Remember the Axiom, "If it isn't broken, don't fix it."

Personally, I think Firaxis's support of Civilization IV has been incredible, and made it much more than a game.
 
The initial launch of civ4 might have been good, but the patches have all been mediocre and takes forever to be released.

Maybe it says something about the game. If the patches don't add much in the way of content, maybe it's because the game is already perfect, and adding more would ruin it?

Remember the Axiom, "If it isn't broken, don't fix it."

Personally, I think Firaxis's support of Civilization IV has been incredible, and made it much more than a game.

And one reason the patches take a while to be released is because the QA team is working. If a submitted patch doesn't actually work, or, worse yet, breaks something else, they send it back to the developers. All that back-and-forthing takes time.
 
Years back I worked in software dev for a large ISP. Although our proprietary software was bone simple compared to Civ it still took a couple of hundred hours' work for our QA people to sign off on it. If you take all of the elements of Civ and all of the possible interactions between them then you're looking at a few man-years of QA to find every possible bug. Would you be willing to wait another ten years for a perfectly bug-free release of Civ 5? Even if you are willing, I can guarantee you that 2K Games would not be that patient.
The person who mentioned that QA does not have the final say regarding release is absolutely correct: Marketing has the final say and their word is law. Unless there's a showstopper (App erases C: drive, App crashes to desktop after loading, App changes all system fonts to Cyrillic) the baby will probably ship because Marketing can and will tell you to the nickle how much it costs every day that the release date is slipped.
Whenever a new application comes out from anyone the first users are always unknowingly testing it for quality.
 
I worked in Quality Assurance with Scott at Firaxis in 2005 face-to-face, so I have to dispute the notions that the group is purely fictional. Unless things have changed in the past few years, at least. ;) And as someone who worked on Civ4, I can definitely state that that game didn't have very many issues post-release. Not exactly sure where these commenters are coming from.

I'm satisfied with the level of support and the patches Firaxis has released, but often
new patches from Firaxis contain new bugs. Particularly with one BtS patch (I think it was 3.15) that broke a lot of things.
 
What would you estimate a release date for Civ 5... marketing-wise? :)
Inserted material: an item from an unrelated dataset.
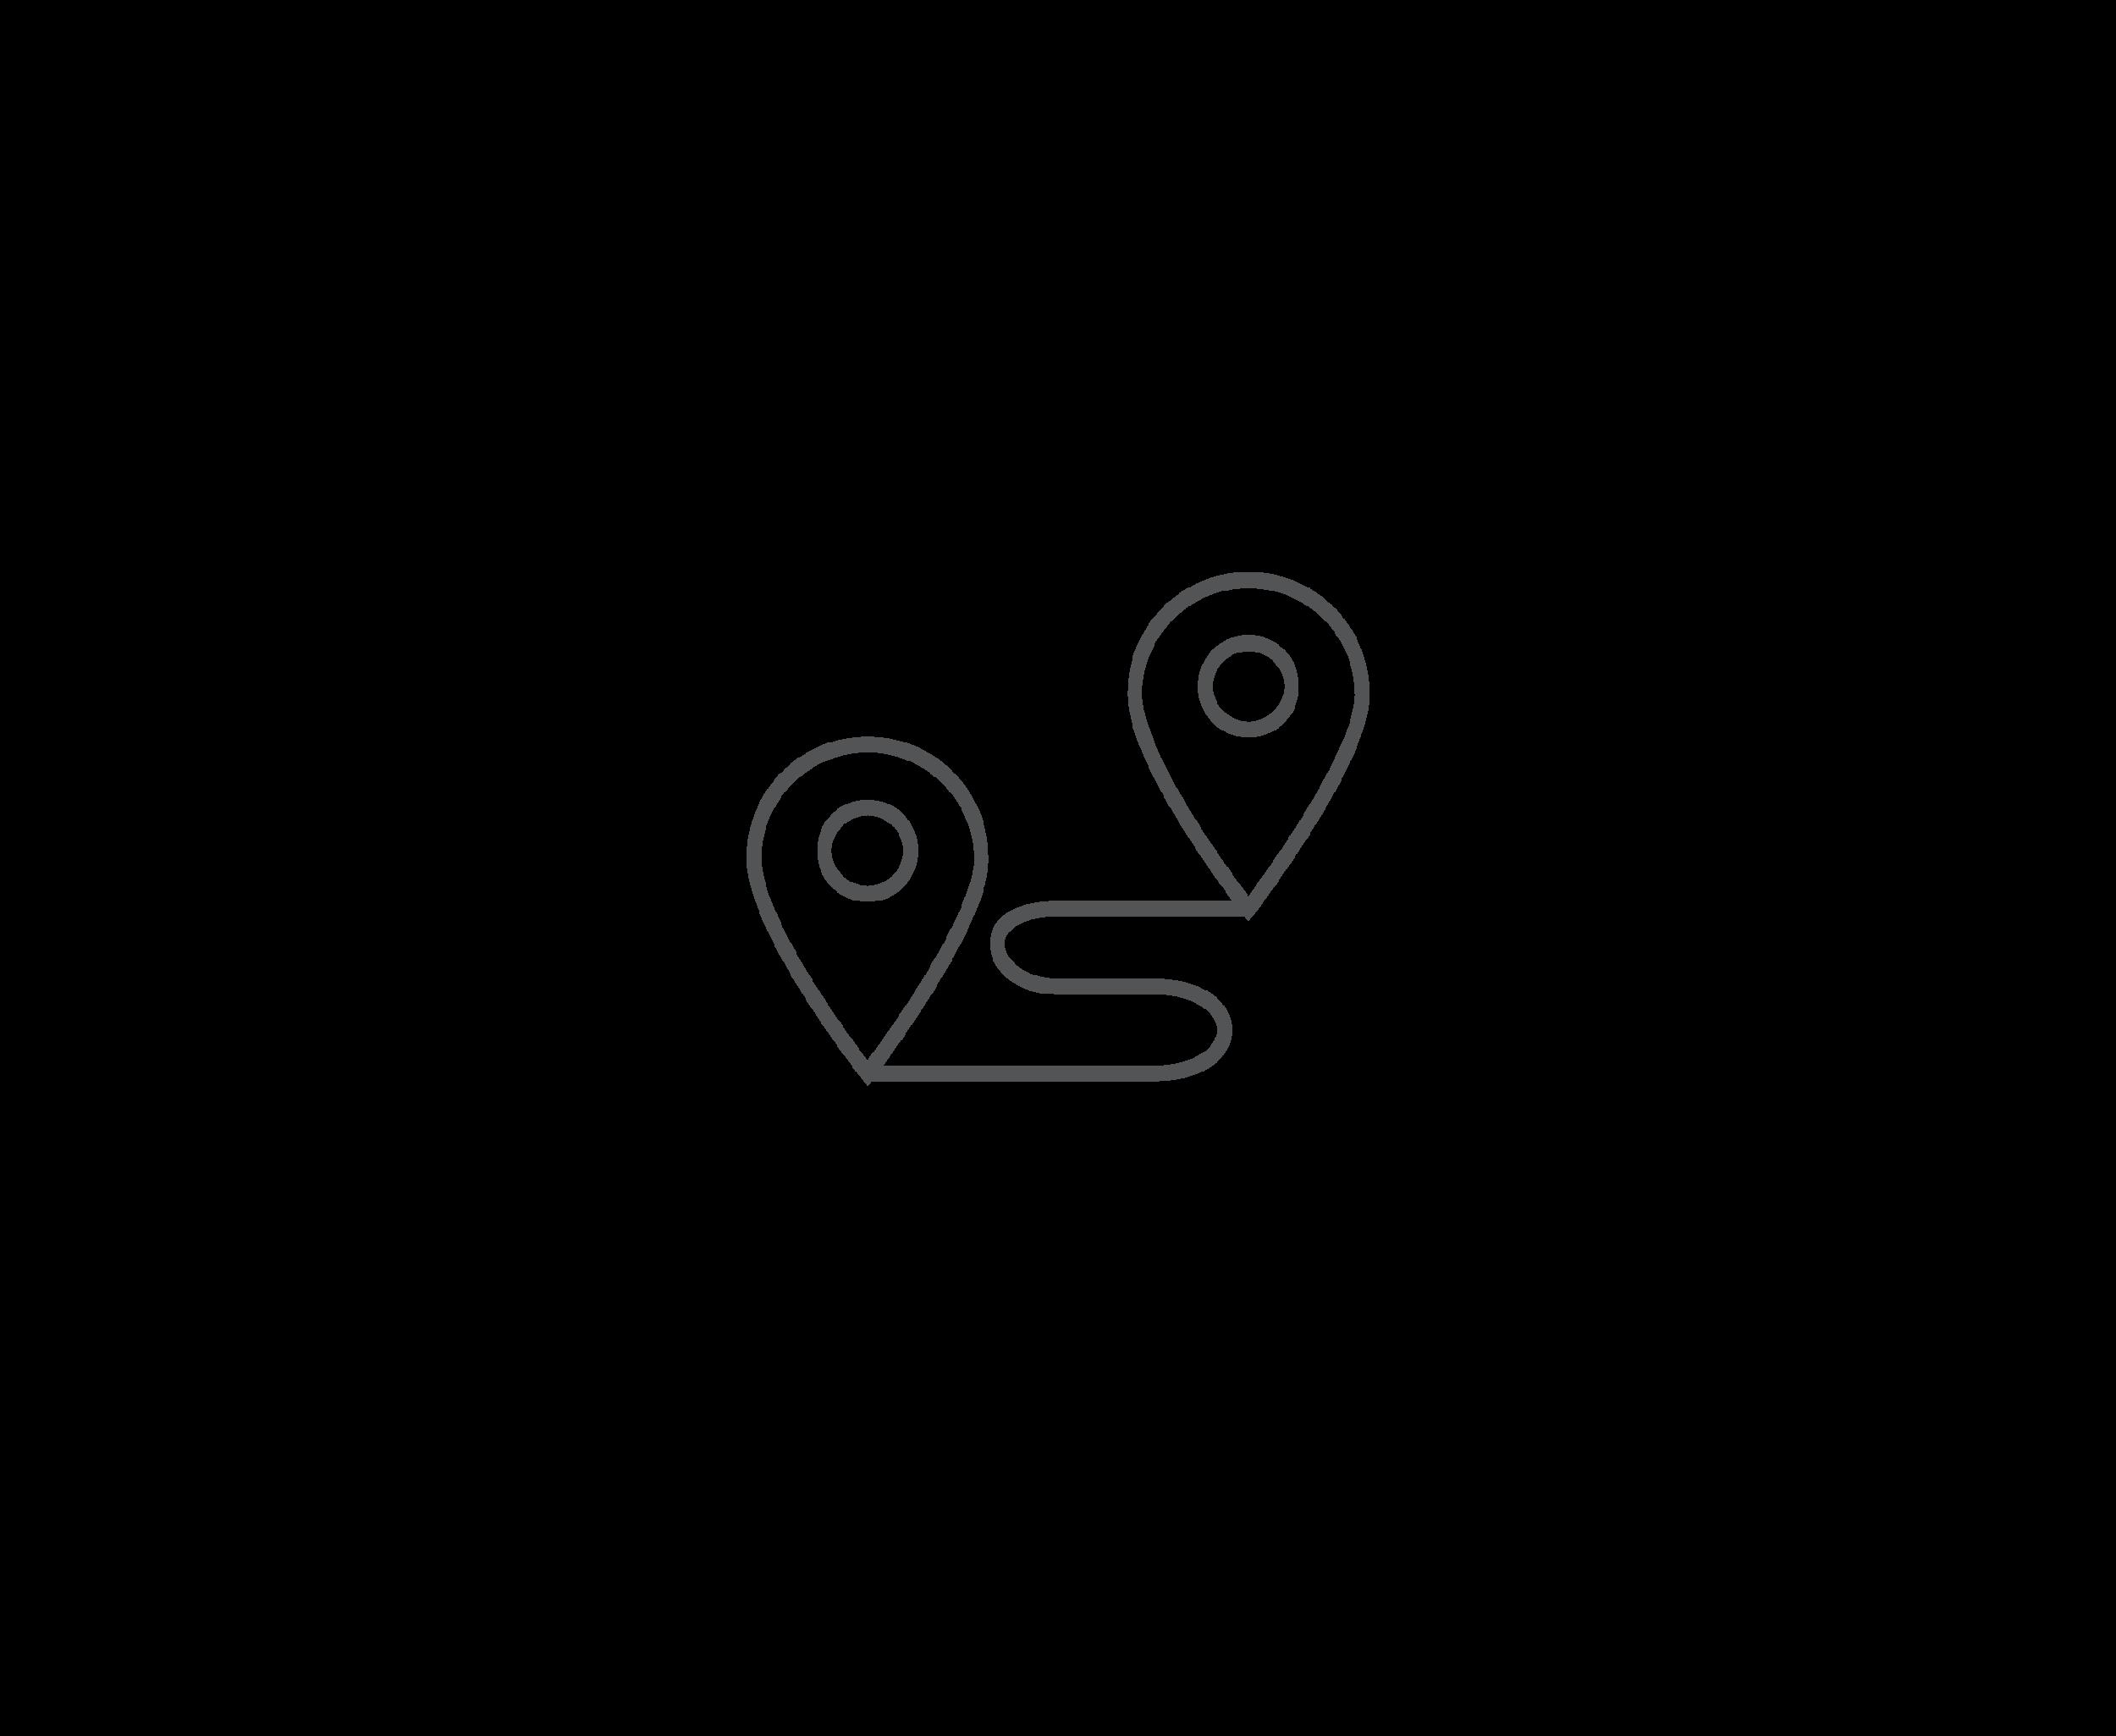 input illustrator-26.png

Heh! As a PC game that would necessarily be much deeper and broader than Civ 4, Marketing would take a look at the cost/benefit ratio of producing Civ 5 and announce; "Approximately the same day that Hell becomes a ski resort."
The real obstacle is that Civ 5 would have to be better both graphically and in terms of gameplay than Civ 4 BtS is in the hands of the modders. Between Blue Marble, Legends of Revolution, BUG mod, Better AI and all of the other excellent things that the modders have produced and given away for free Civ 5 would have a tall mountain to climb.